The two-stage training recipe facilitates a smooth transition from perception collaboration to action collaboration via "isolated-then-fused self-attention layers." Phase 1: Single-arm Pre-training: Policy branches train independently with separate self-attention/cross-attention/FFN modules. Coordination is learned via VQ with straight-through gradient estimation \(a_z = \text{sg}[a_z - a_q] + a_q\) and a codebook loss \(\mathcal{L}_{\text{VQ}} = \|\text{sg}[a_q] - a_z\|_2^2 + \beta\|a_q - \text{sg}[a_z]\|_2^2\). Phase 2: Bimanual Coordination Post-training: All perception modules are frozen to preserve the learned collaborative representations. The self-attention layers in the DiT are merged into a single unified module shared by both arms, allowing arms to be visible to each other at the policy level and introducing structured correlation in the diffusion noise.
Key Experimental Results¶
Main Results¶
Evaluation on the RoboTwin simulation benchmark (based on ManiSkill, 100 expert demonstrations per task).
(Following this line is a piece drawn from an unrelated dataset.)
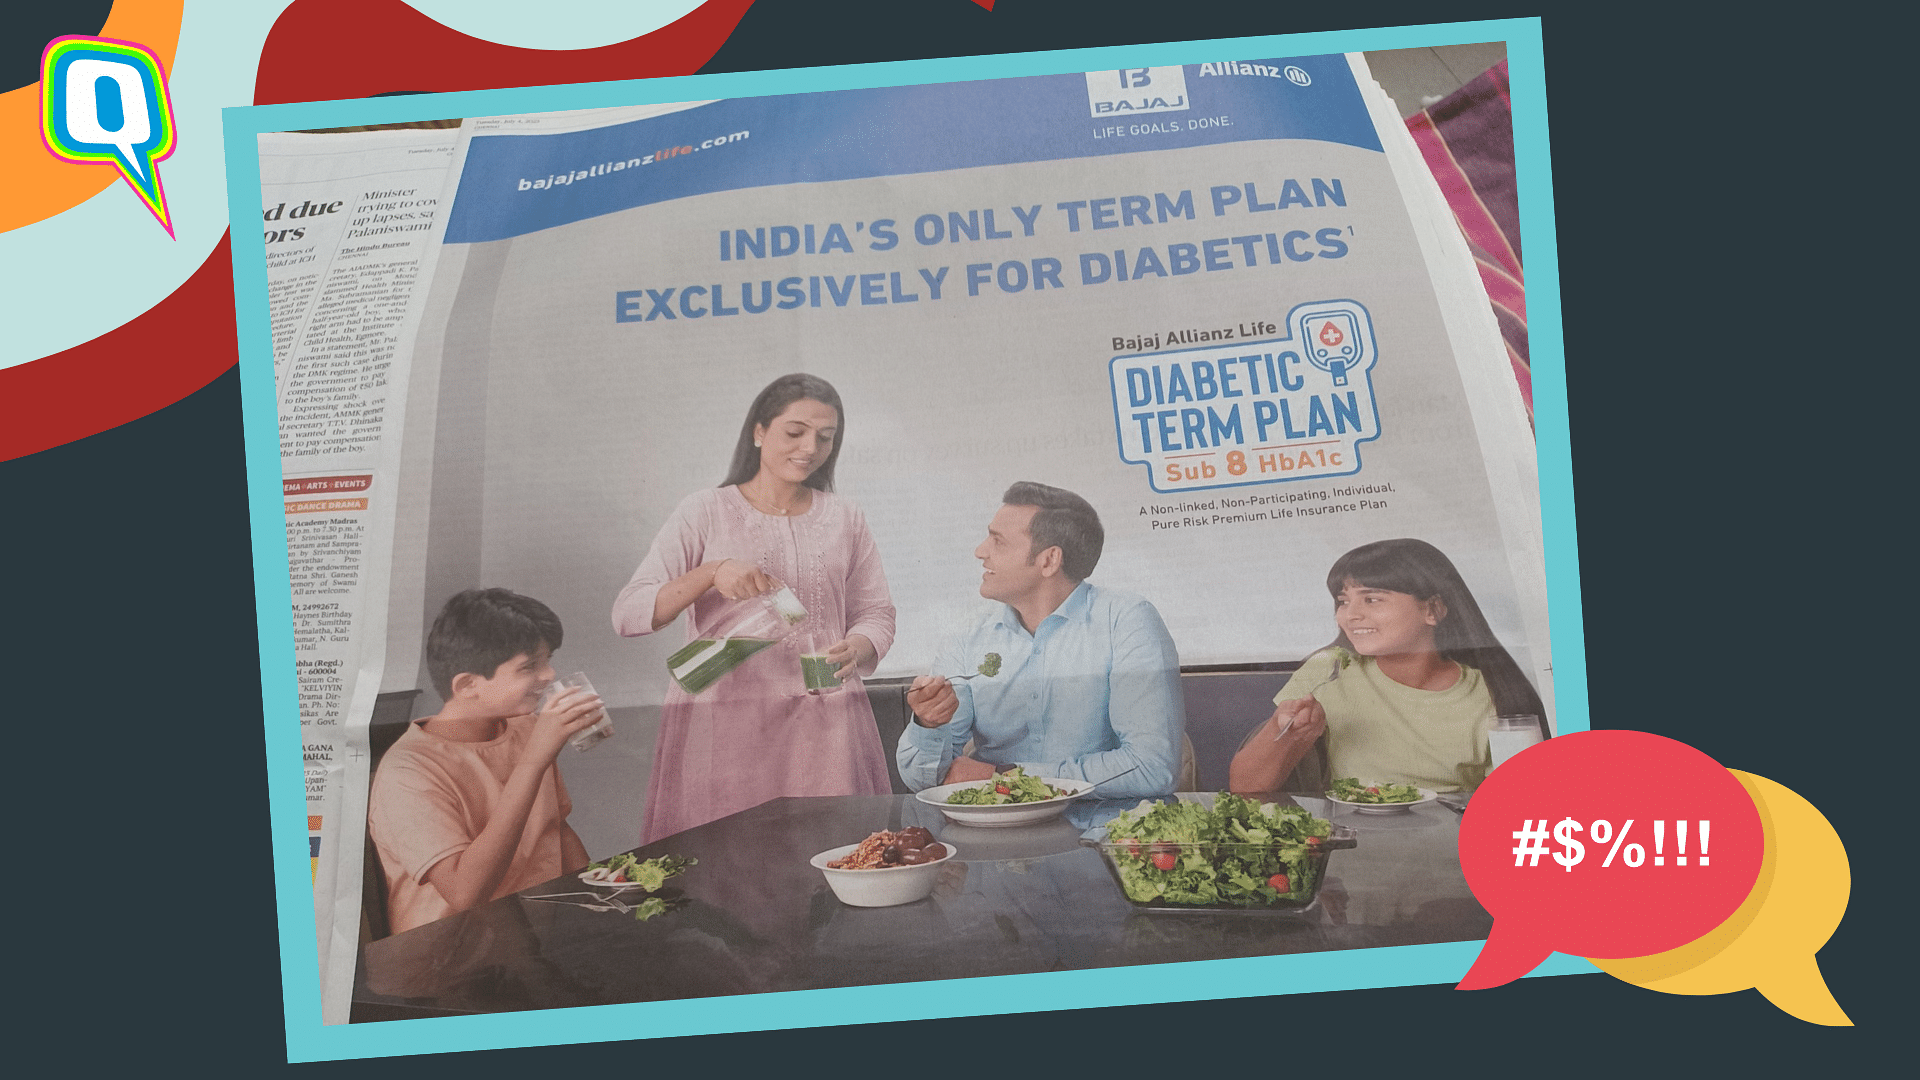 <div class="paragraphs"><p>'Some Things Don't Change': Insurance Ad Invites Flak For Promoting Gender Roles</p></div>

Observation horizon \(O=1\), prediction horizon \(H=8\).
| Method | Mean Success Rate | Pick Apple Messy | Blocks Stack Easy | Dual Bottles Pick (Hard) | Dual Shoes Place |
|---|---|---|---|---|---|
| GR-MG | 8.0% | 8.0 | 30.3 | 0.0 | 0.0 |
| DP | 38.5% | 29.3 | 85.7 | 8.0 | 3.0 |
| DP3 (with Point Cloud) | 39.8% | 9.7 | 55.3 | — | 12.0 |
| CUBic (Ours) | 51.8% | 40.0 | 84.3 | 16.0 | 10.0 |
CUBic outperforms DP3 by 12.0% and DP by 13.3% on average, notably without requiring any 3D perception.
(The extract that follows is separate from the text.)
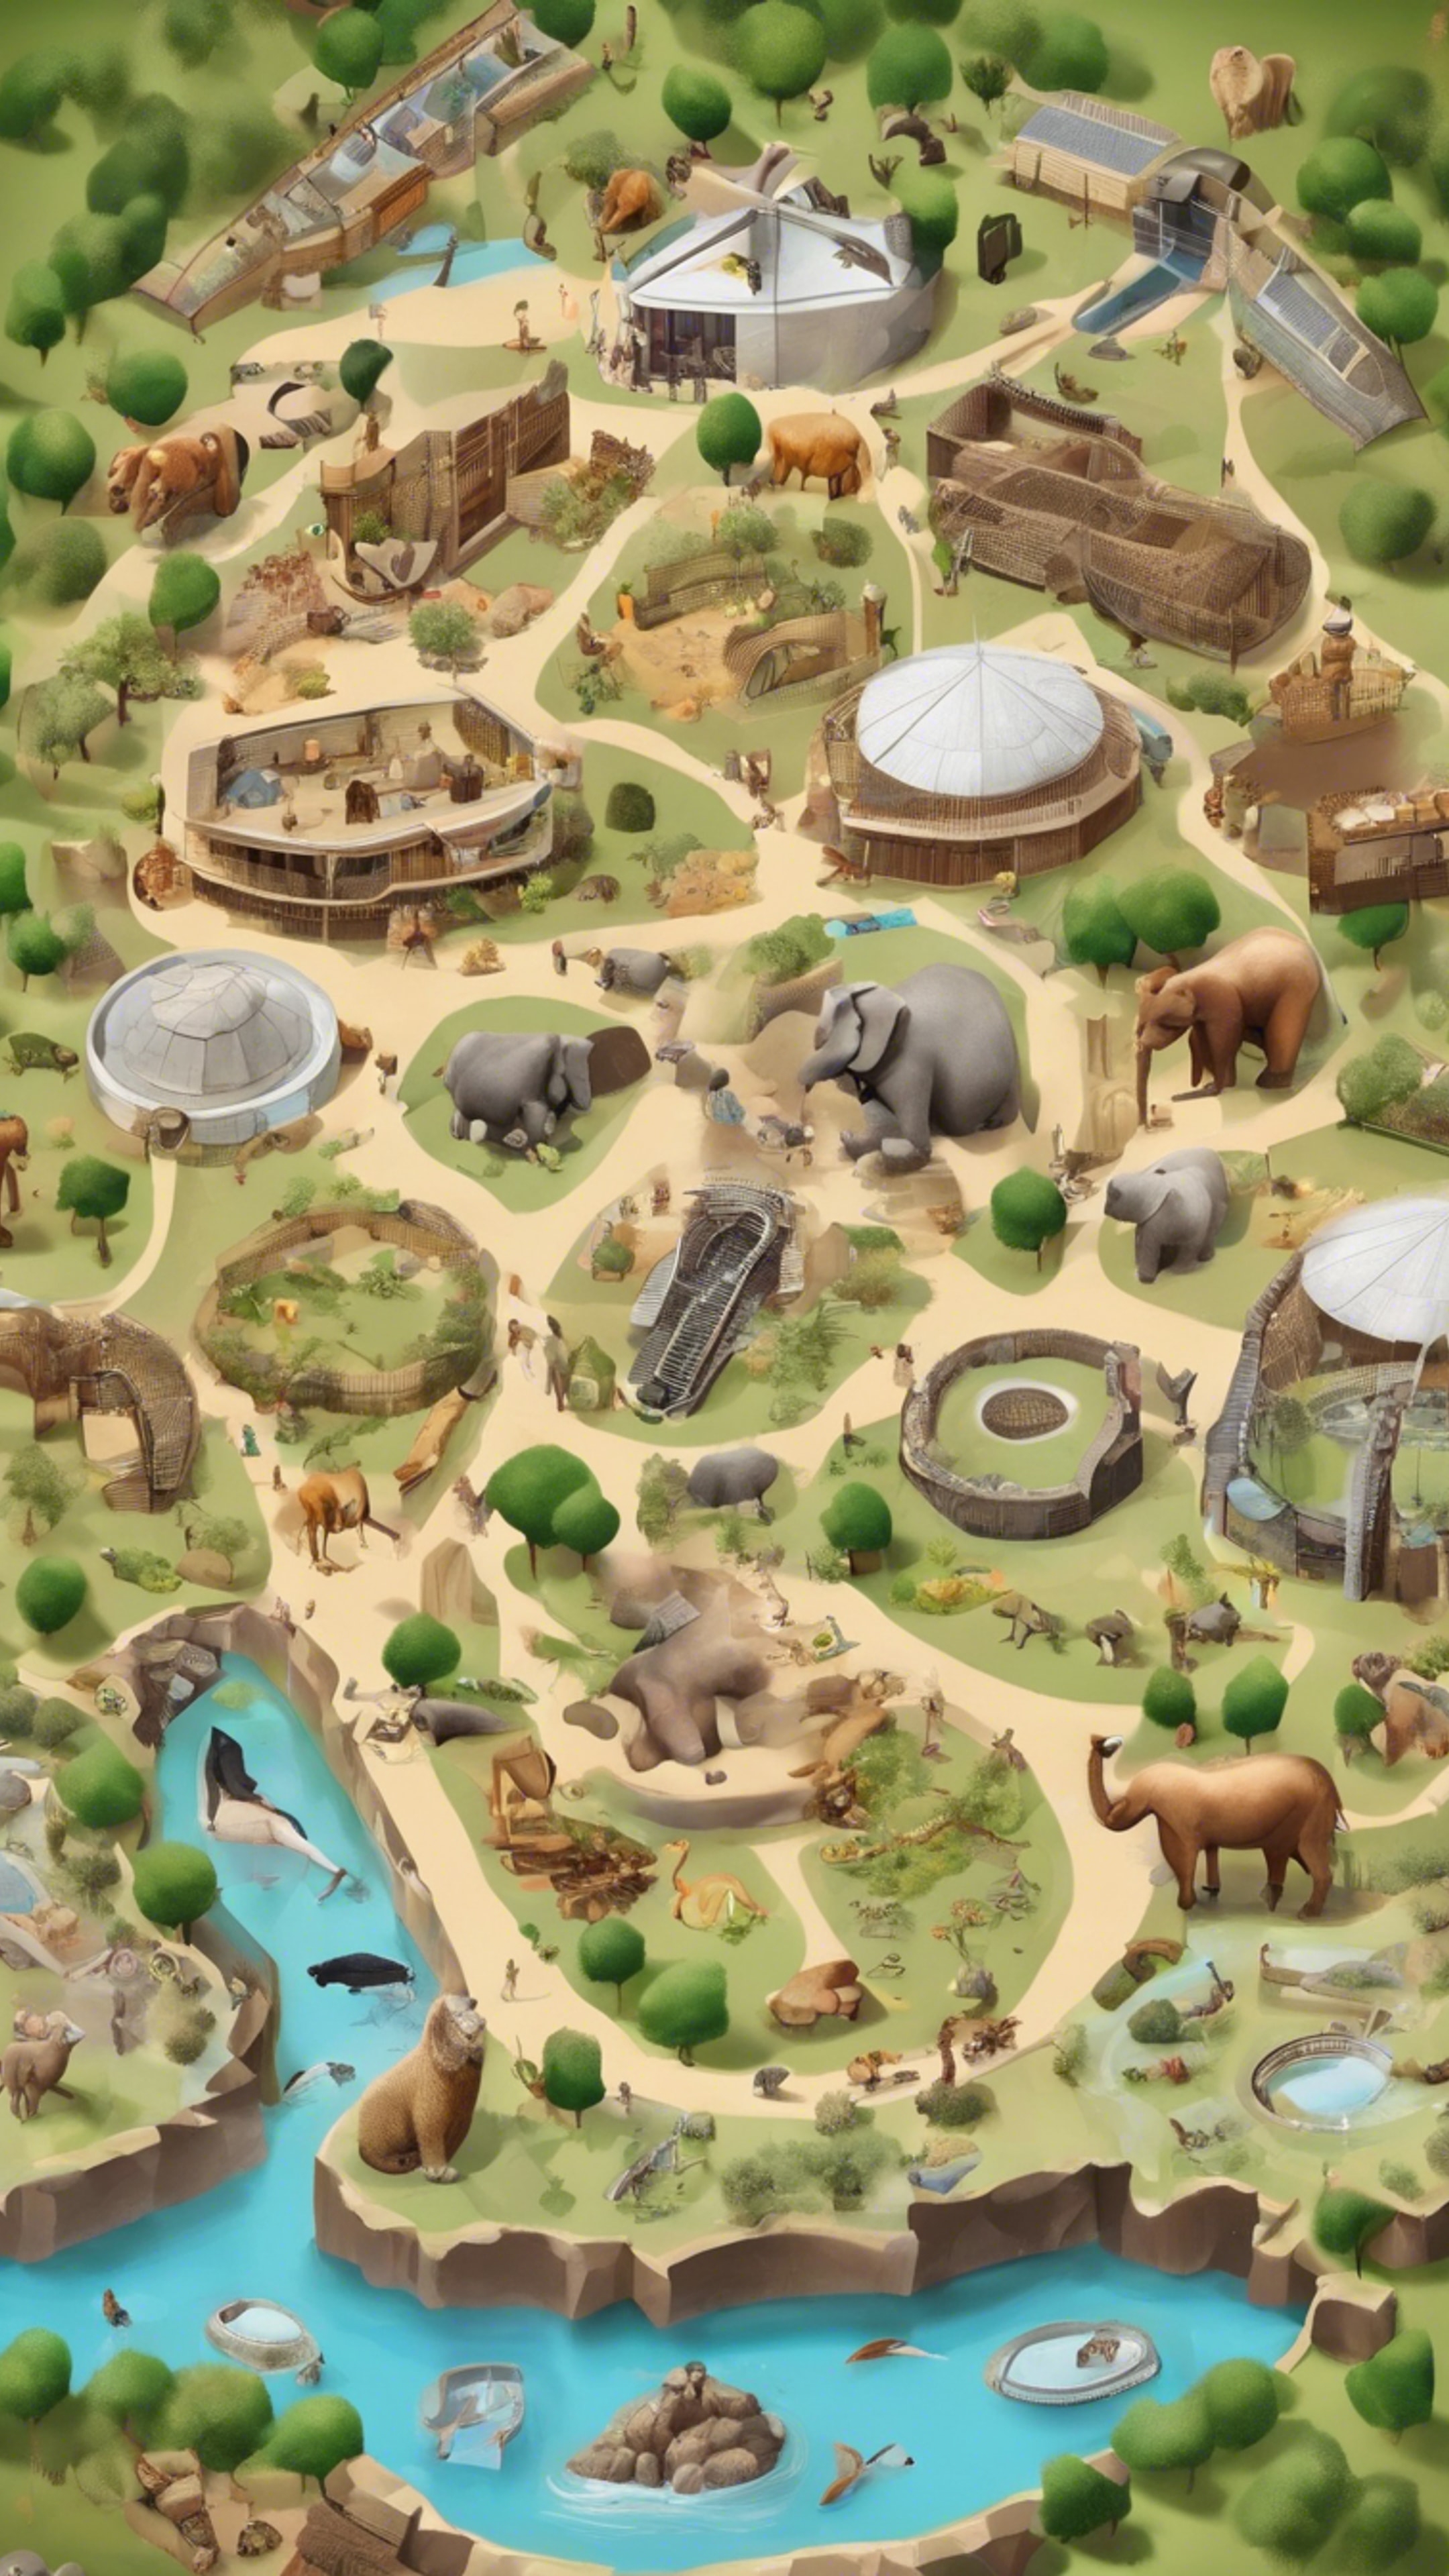 A graphic map of a zoo, with different animal enclosures, food stalls and amenities.壁紙[7d3ed7eed3f244f7a17f]

Real-world results using Agibot with 3 D435 cameras:
| Setup | DP Avg Score | CUBic Avg Score | Gain |
|---|---|---|---|
| In-Domain | 19.5 | 43.1 | +23.6 |
| Out-of-Domain | 12.7 | 34.7 | +22.0 |
Ablation Study¶
| Shared Mapping | Two-stage Training | Mean Success Rate | Gain |
|---|---|---|---|
| ✗ | ✗ | 32.6% | — |
| ✓ | ✗ | 42.1% | +9.5 |
| ✗ | ✓ | 40.1% | +7.5 |
| ✓ | ✓ | 51.8% | +19.2 |
| latent tokens \(N\) | Codebook Size \(K\) | Mean Success Rate |
|---|---|---|
| 0 | 256 | 0.0% |
| 4 | 256 | 51.8% |
| 8 | 512 | 40.2% |
Key Findings¶
- Shared mapping and two-stage training are mutually reinforcing pillars: Activating both yields a +19.2% gain, which exceeds the sum of individual gains (+9.5 and +7.5).
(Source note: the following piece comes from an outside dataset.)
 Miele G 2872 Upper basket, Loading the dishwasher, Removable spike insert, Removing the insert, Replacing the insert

- Latent tokens are essential: \(N=0\) leads to complete failure (0%), proving these tokens are necessary intermediaries for bimanual coordination.
- Capacity matching: Increasing \(N\) and \(K\) too much (e.g., \(N=8, K=512\)) degrades performance to 40.2%, suggesting that excessive capacity weakens the shared mapping constraint.
Highlights & Insights¶
- Reframing "Independence vs. Coordination": Instead of choosing between decoupling or strong coupling, CUBic uses shared-mapping dual codebooks to allow both to emerge, avoiding manual role division.
- Joint Nearest Neighbor Quantization: The mechanism \(\arg\min_i (d_{\text{left},i} + d_{\text{right},i})\) is lightweight yet effective at forcing cross-arm consistency.
- Curriculum Learning: Stage 1 learns independent skills and Stage 2 learns synergy, providing a clean engineering paradigm for bimanual tasks.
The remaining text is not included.